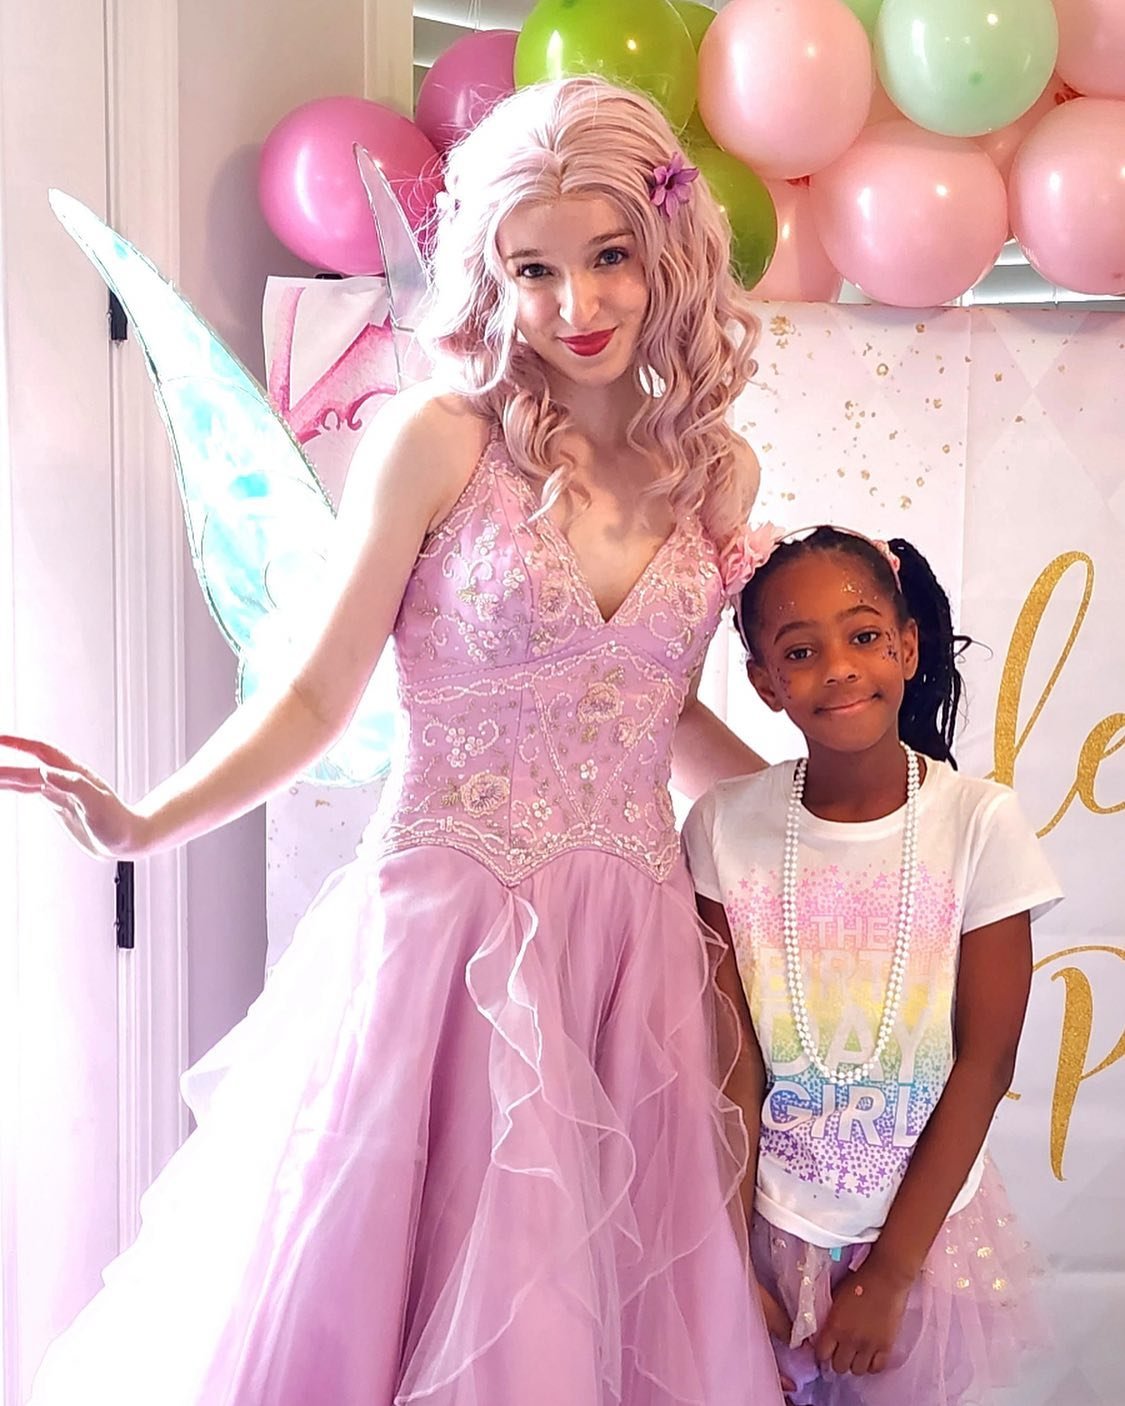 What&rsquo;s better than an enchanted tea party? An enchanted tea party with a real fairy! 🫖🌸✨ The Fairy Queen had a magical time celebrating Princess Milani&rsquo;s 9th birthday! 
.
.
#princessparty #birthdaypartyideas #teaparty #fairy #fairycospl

☆ ☆ ☆ ☆ ☆ ☆ ☆

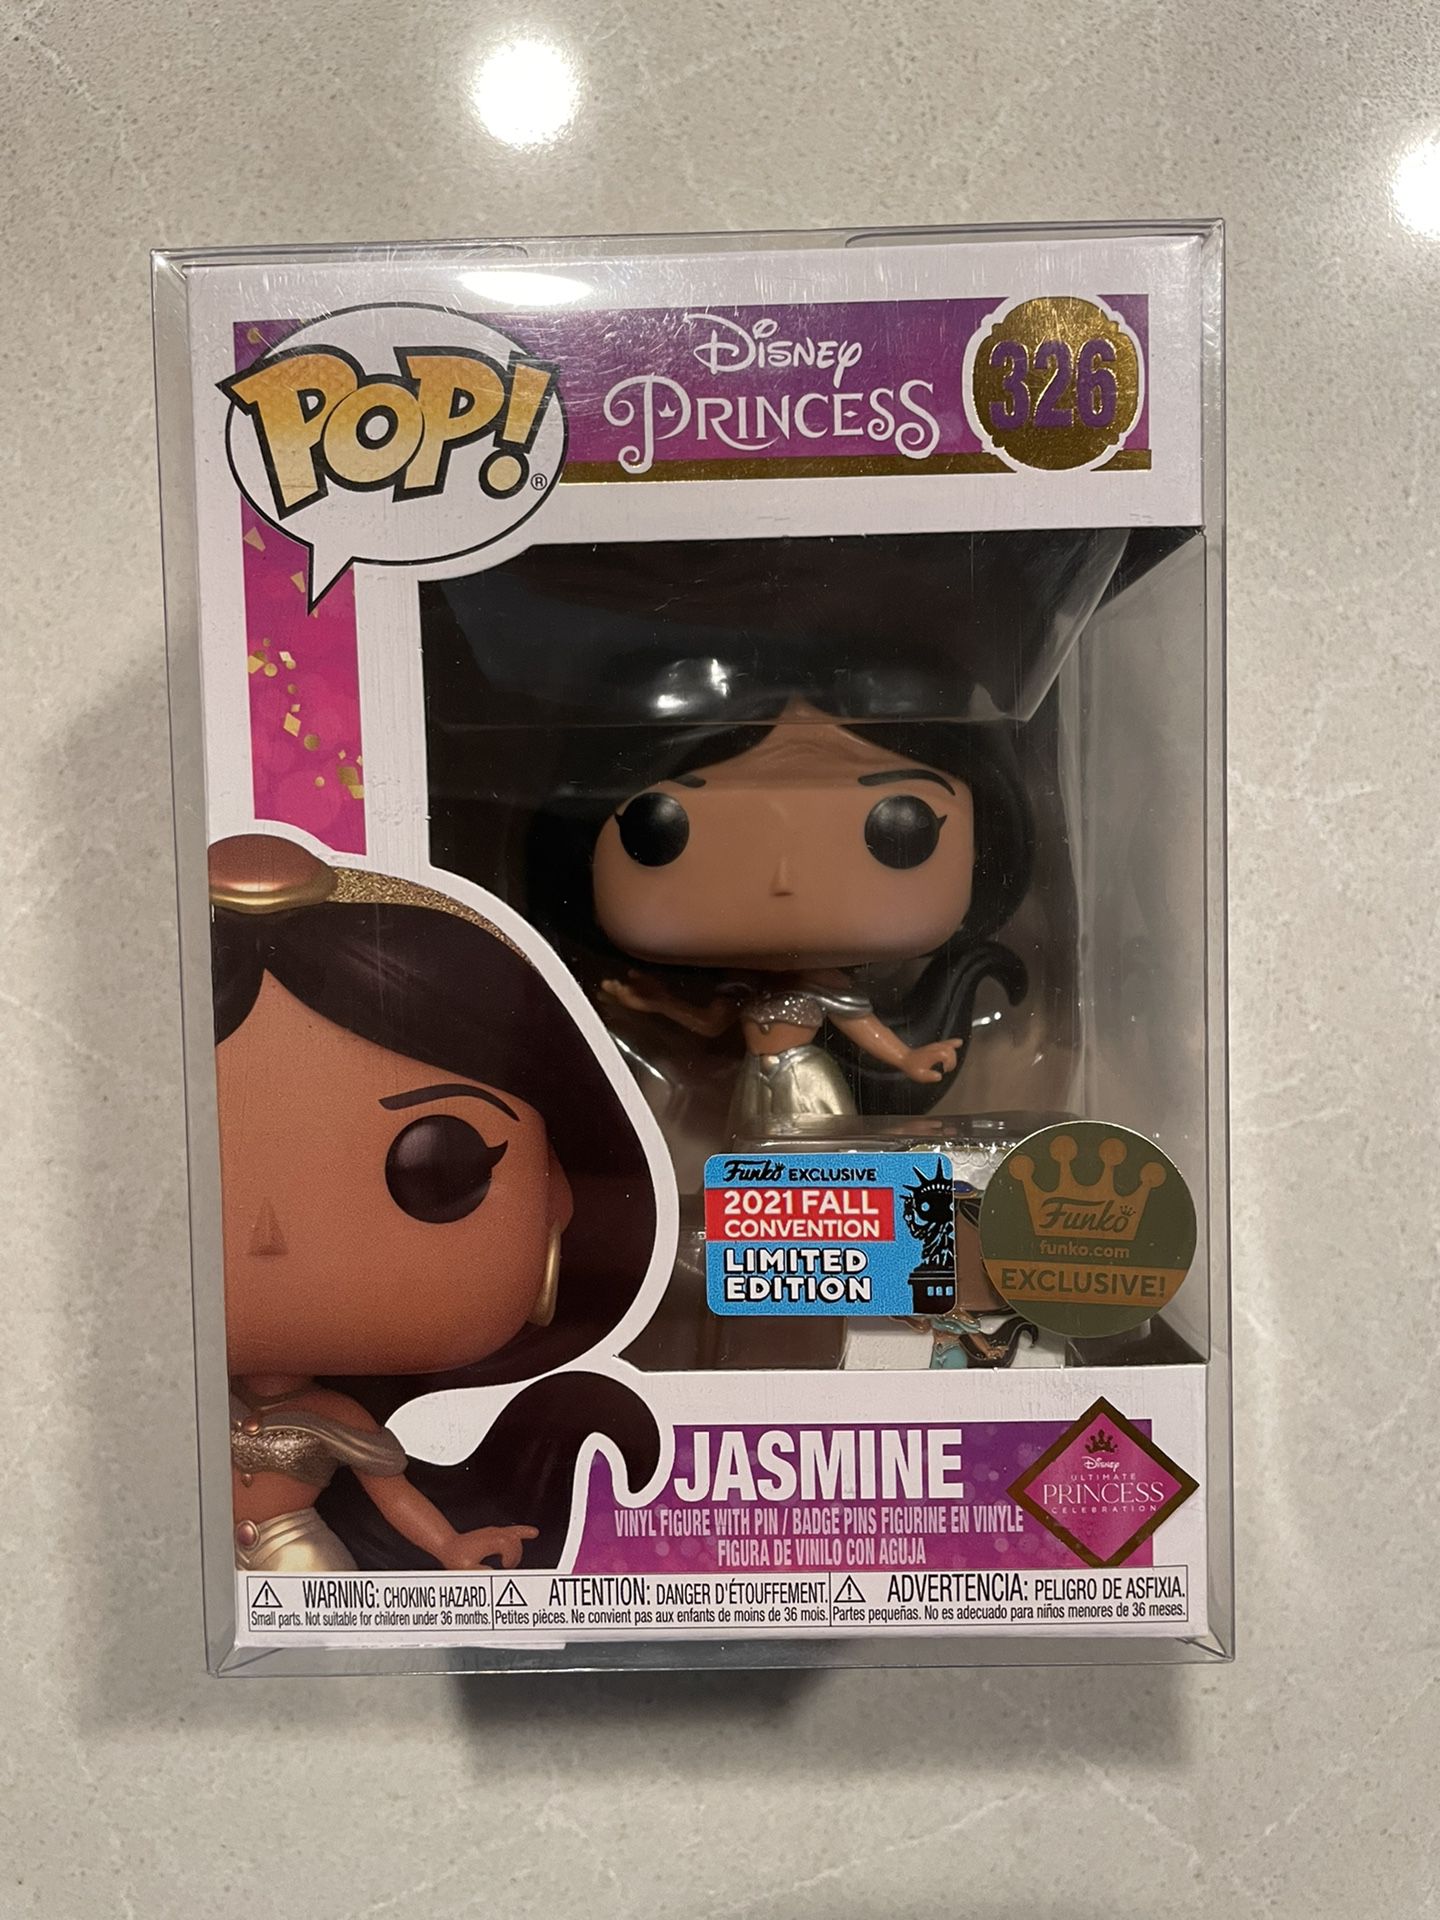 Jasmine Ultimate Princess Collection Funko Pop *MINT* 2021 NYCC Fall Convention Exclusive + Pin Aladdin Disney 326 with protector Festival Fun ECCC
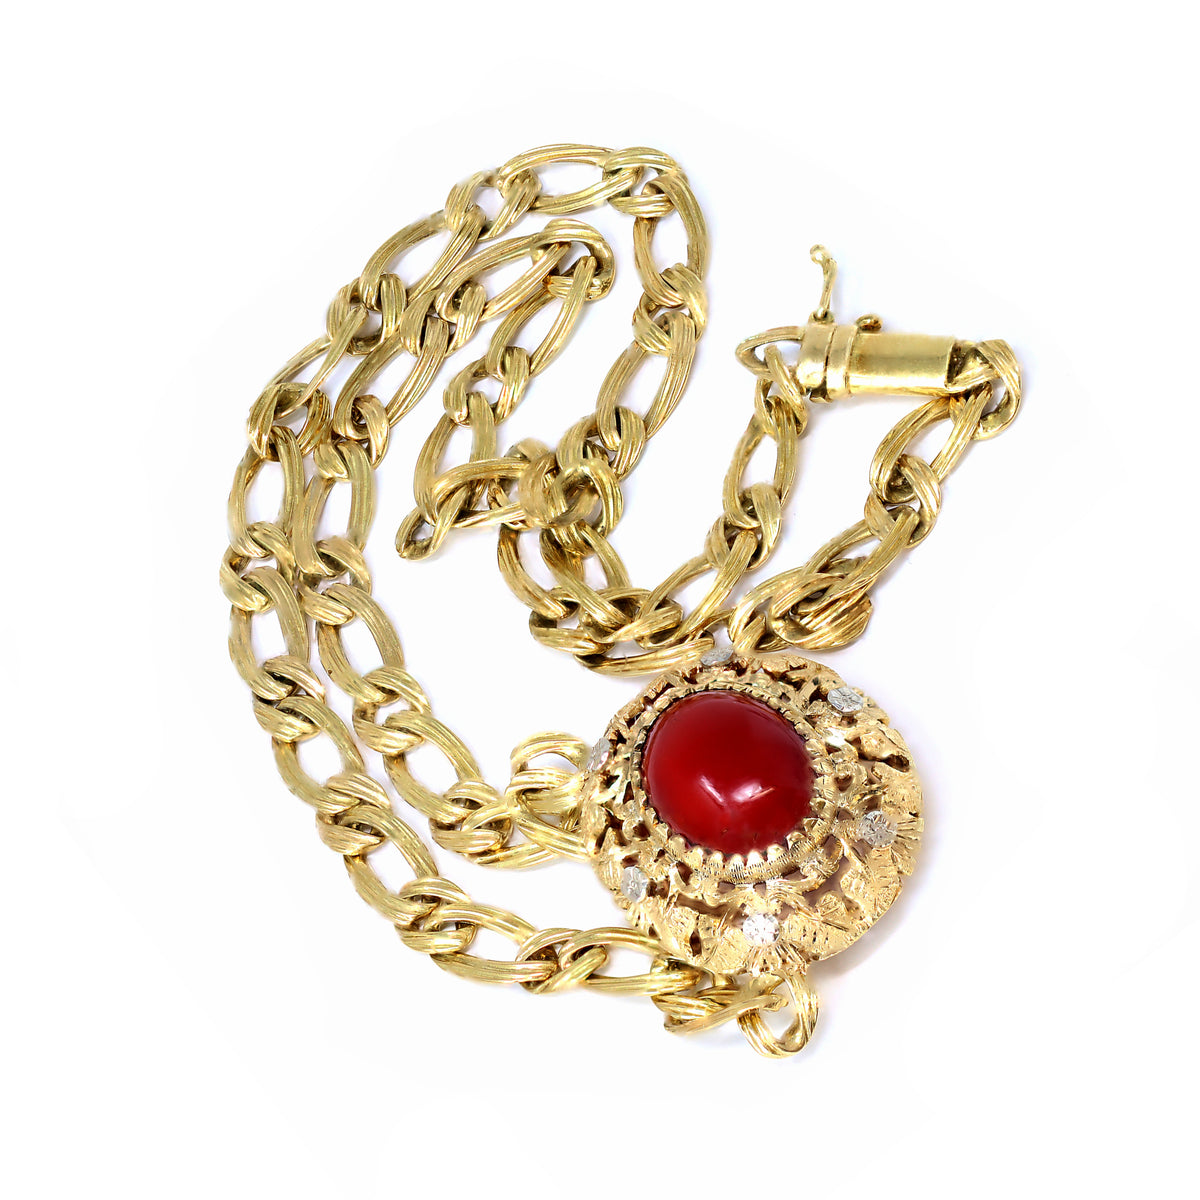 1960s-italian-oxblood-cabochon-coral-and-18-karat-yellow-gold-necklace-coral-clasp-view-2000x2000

☆ ☆ ☆ ☆ ☆ ☆ ☆

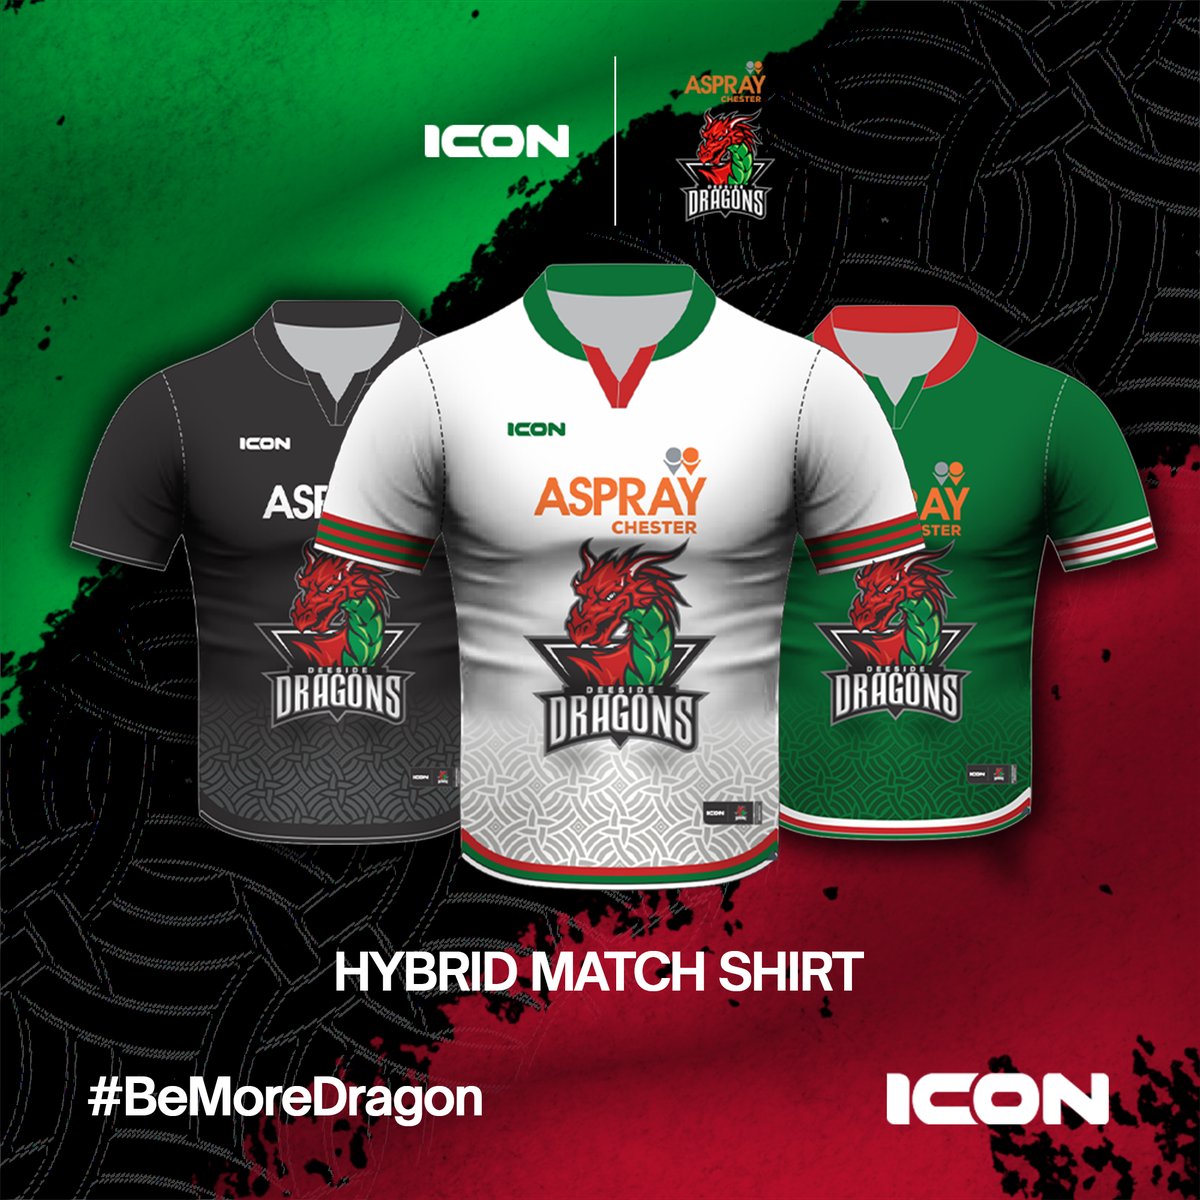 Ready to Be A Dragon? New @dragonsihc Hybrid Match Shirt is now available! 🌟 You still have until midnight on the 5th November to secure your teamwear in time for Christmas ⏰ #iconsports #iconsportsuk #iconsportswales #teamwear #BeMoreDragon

☆ ☆ ☆ ☆ ☆ ☆ ☆

ACTIVITY: The response must repeat exactly the lines above from the one with "What&rsquo;s better than" through the one with "#princessparty #birthdaypartyideas #teaparty", including both, and must contain no pictures and no other text.

ANSWER TO THE EXERCISE:
 What&rsquo;s better than an enchanted tea party? An enchanted tea party with a real fairy! 🫖🌸✨ The Fairy Queen had a magical time celebrating Princess Milani&rsquo;s 9th birthday! 
.
.
#princessparty #birthdaypartyideas #teaparty #fairy #fairycospl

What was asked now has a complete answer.